As a denim trend forecaster, Samuel Trotman see an indigo world before anyone else experiences it.
Samuel Trotman is the frontier man of denim. He sees an indigo world before anyone else experiences it. As WGSN’s senior denim editor for eight years, Trotman served as a sounding board for the industry by delving into the lifestyles and ever-changing shopping habits of denim consumers around the world. His task: to identify the tiny sparks bound to become the stars and driving forces in the global denim sector.
“I think one of the key characteristics of WGSN trend forecasting is we have eyes that take in so many more visuals than the average person,” Trotman said. “You really have to be immersed in all aspects of culture to catch the next big thing. It’s really about pattern recognition and connecting different elements, whether it’s coming from art, film, music or on the high street.”

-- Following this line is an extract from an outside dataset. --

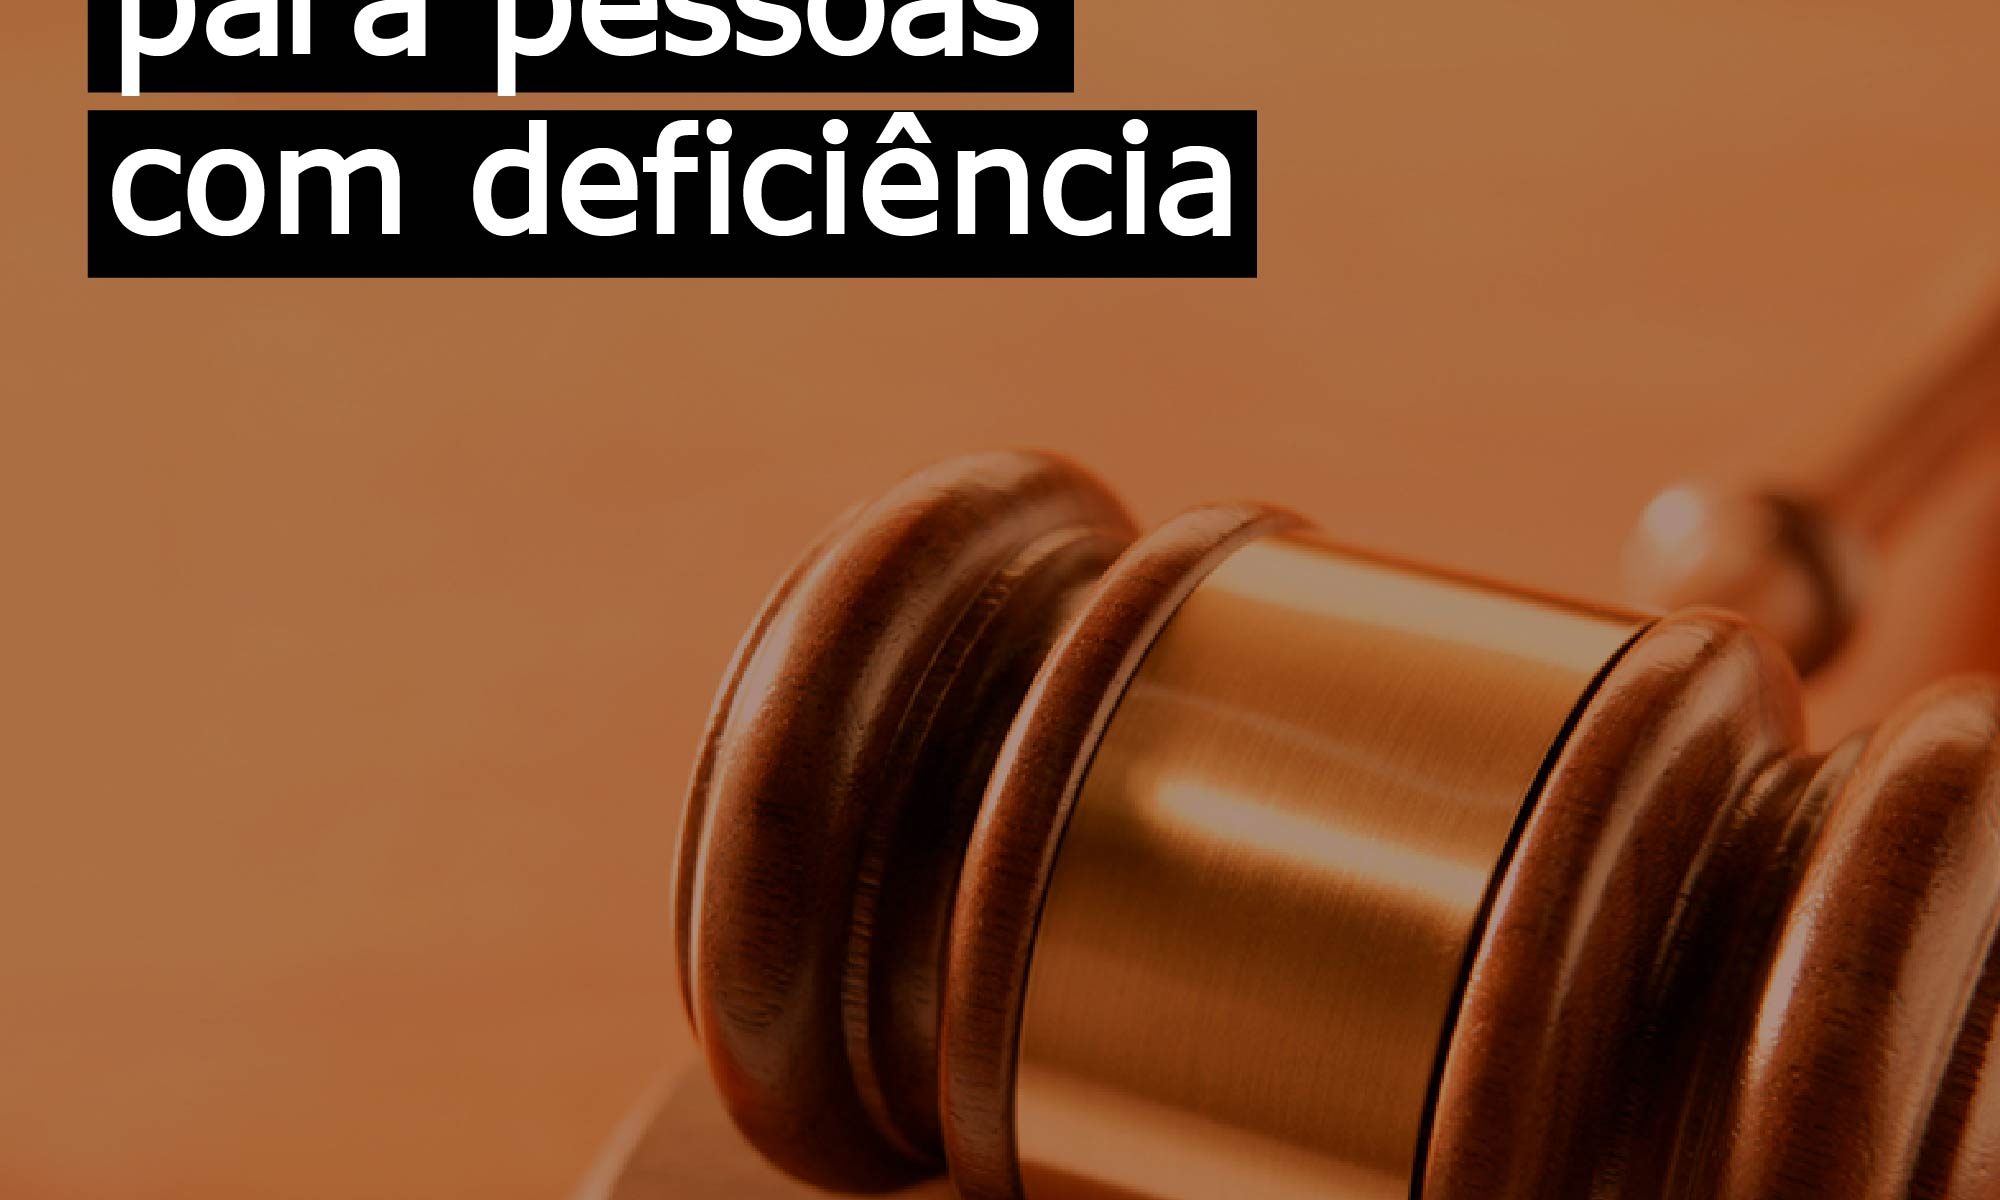 imagem em tons escurros, há um martelo de justica e está escrito: "Passe livre para pessoas com deficiência" #direitospcd e há a logo da retina brasil

Trotman spends most of his days traveling around the world, attending music festivals, hitting up major fashion weeks and scrolling through Instagram to find emerging brands and inspirational denim imagery. “No week is ever the same,” he said. “Most people think of denim as just a pair of jeans, but there is a whole blue world out there with a huge cultural following around it.”
And there’s a host of big data that supports Trotman’s denim visions, too. New demands from the fashion industry and WGSN’s customers have lead the trend forecasting firm’s research to be more balanced with factual data. The company now embeds its trend research with resources like WGSN INstock, which takes advantage of big data to deliver actionable trend analytics and retail insights to enable smarter decision making. This, Trotman said, resonates with WGSN’s clients and helps further build their confidence in firm as a global trend leader.
That level of trust helps distinguish Trotman’s forecasts from the flurry of images shared by influencers on social media platforms like Instagram. “This platform has allowed people to access content directly from their mobiles on demand. This speed has been one of the biggest challenges for WGSN, but we still pride ourselves on our curated content with expert opinion, which gives our subscribers additional value that you can’t get from social media platforms,” he said.
In September, Trotman announced a new venture, joining Amy Leverton’s Denim Dudes as a contributing editor and where he’ll continue to pursue his passion for denim, which is threaded all throughout his day-to-day life.
“It wouldn’t be unusual for me to be hitting vintage markets and digging through denim when I’m on holiday either,” he said. “I’m lucky to say I have a job which I truly love and that makes it easy for me to balance work and life, as it feels like one and the same—apart from when my wife says I need to put down my phone.”
What is your first denim memory?
“My mother used to take me to car boot sales every weekend. [It’s where] I learned the knack of digging through piles of clothes to uncover vintage Levi’s, which I would wear for skating. She taught me how to haggle and develop my eye for picking out blue gold.”
What is your favorite pair of jeans?
“Right now, I’m wearing a pair of Levi’s 501 70s Redline Selvedge jeans which I picked up off eBay recently. I had a pair that I had found at the Rose Bowl about four years ago, but they have literally gone beyond the point of the repair with the amount of crotch blowouts. I think the jeans from this era are quite prone to ripping due to the early methods of bleaching back then, which make the cotton weaker and dry, but the fabric character and patina is something that’s impossible to recreate.”